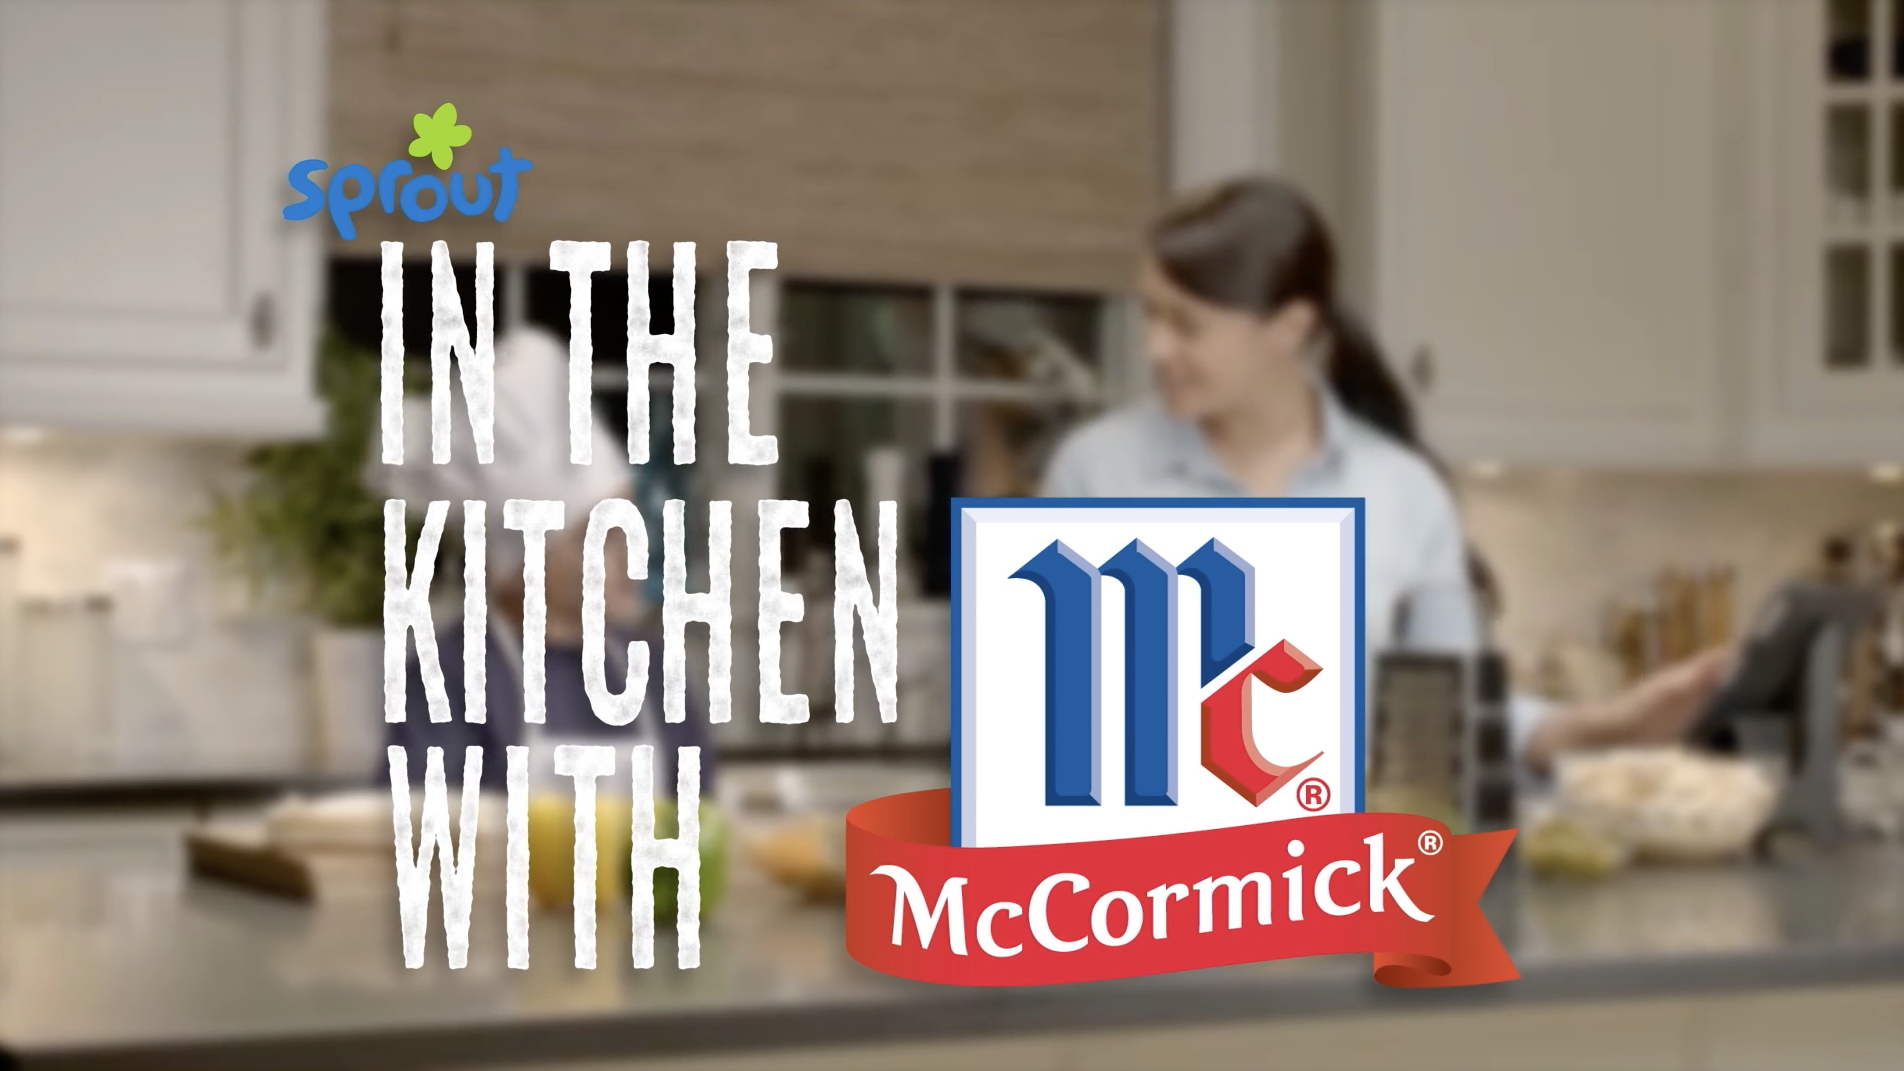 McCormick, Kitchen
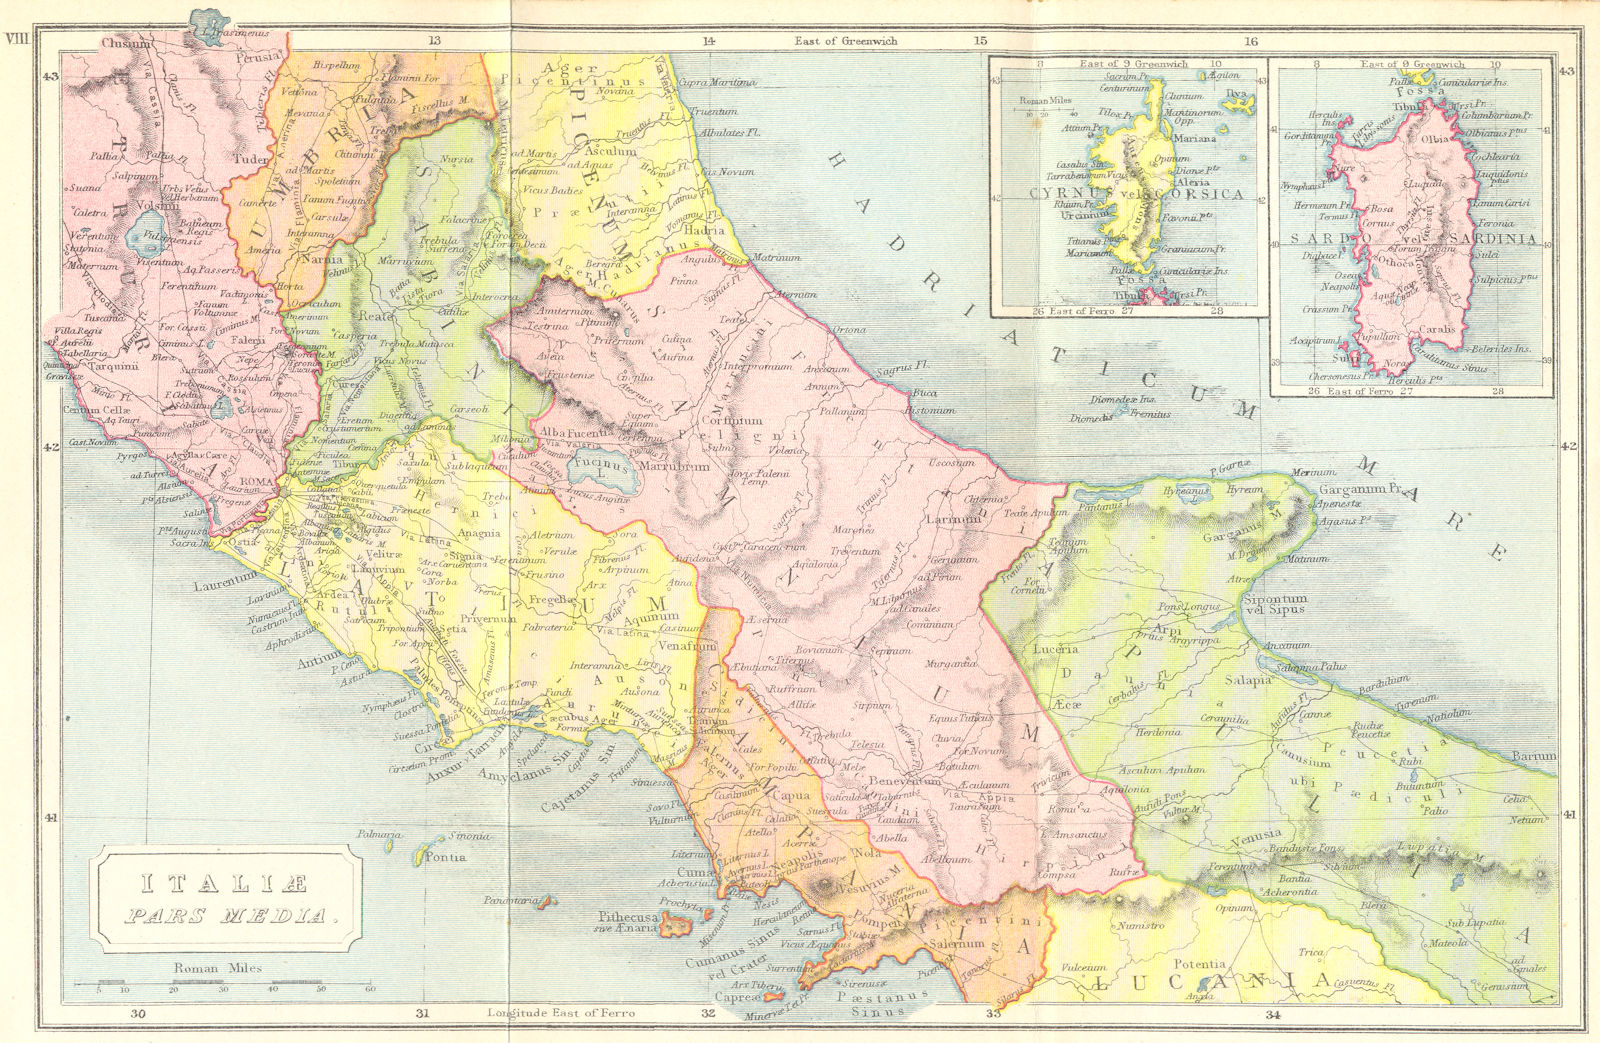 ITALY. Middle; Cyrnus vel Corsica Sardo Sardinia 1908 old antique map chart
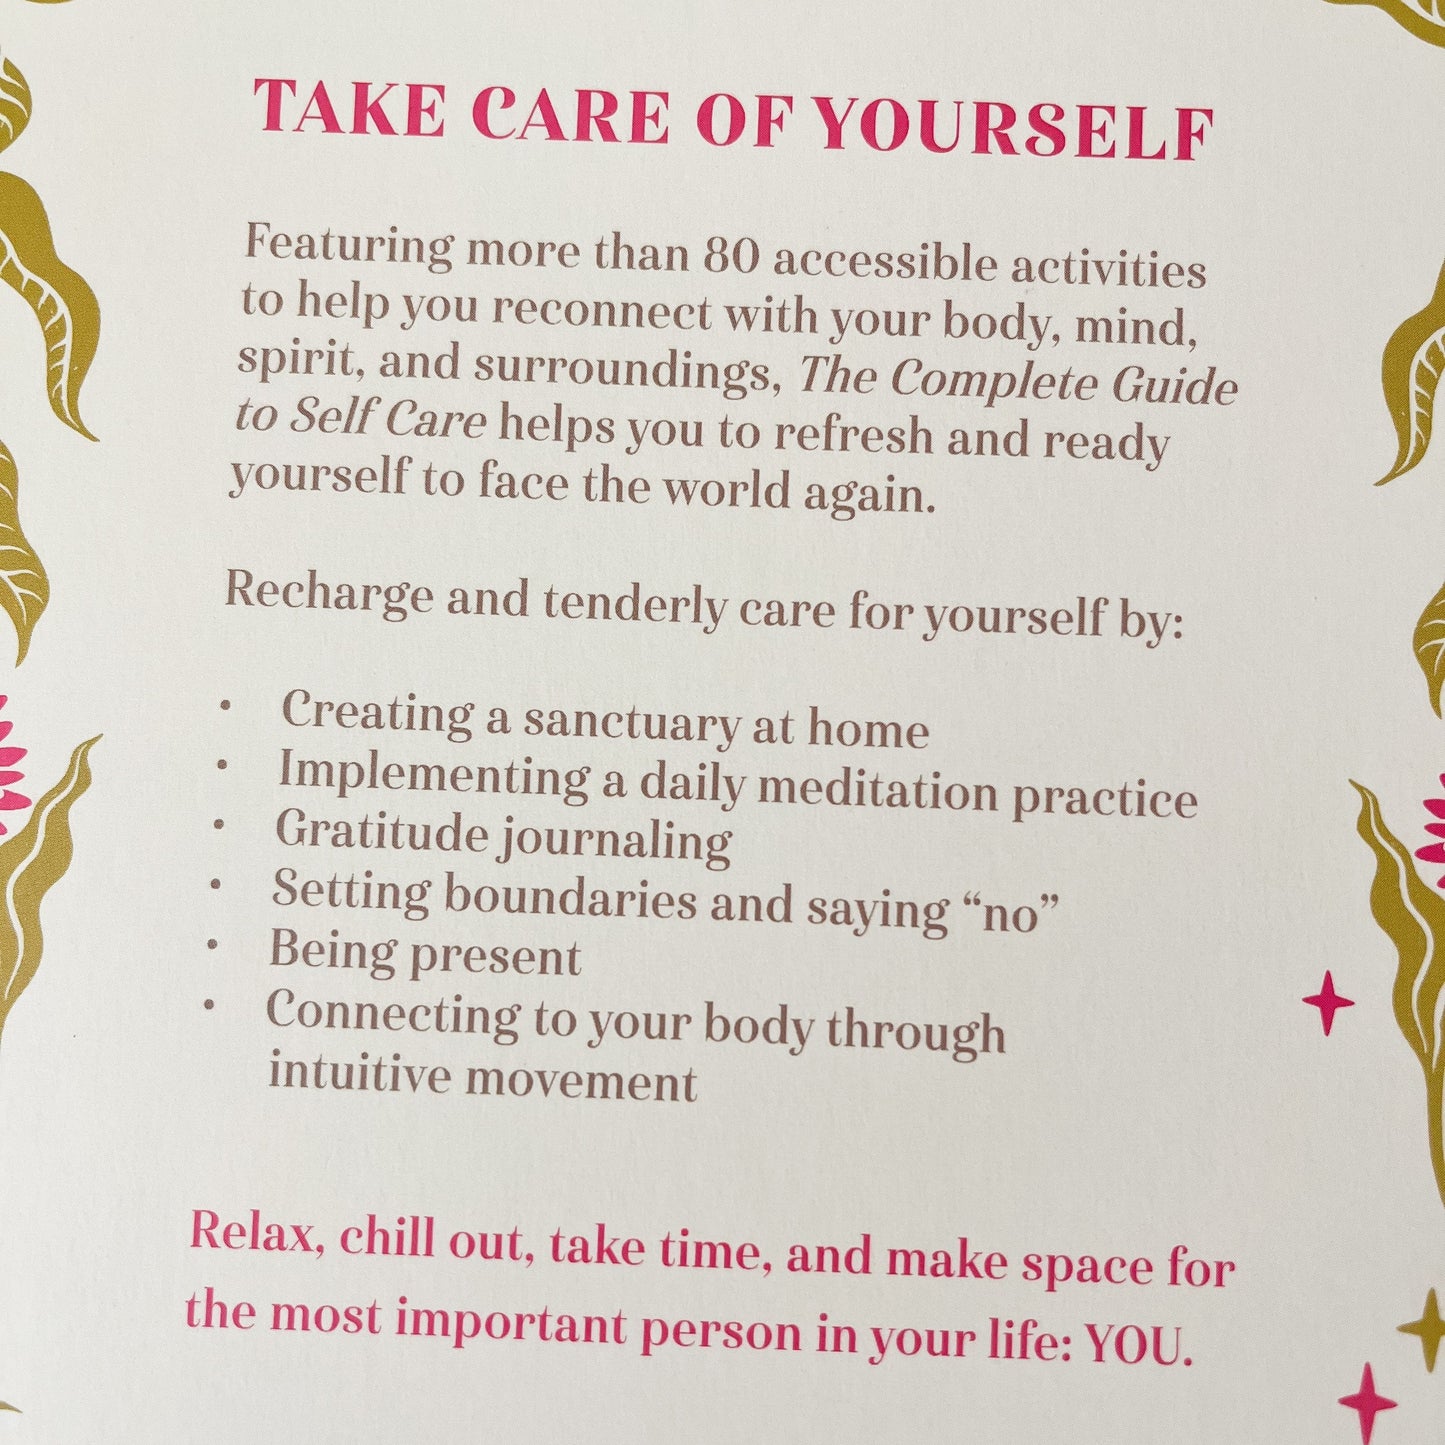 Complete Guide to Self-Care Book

**WHAT IS REQUIRED**
Exclude all images and retype the data precisely.

**SOLUTION TO THIS TASK**
 McCormick, Kitchen
 ITALY. Middle; Cyrnus vel Corsica Sardo Sardinia 1908 old antique map chart
 Complete Guide to Self-Care Book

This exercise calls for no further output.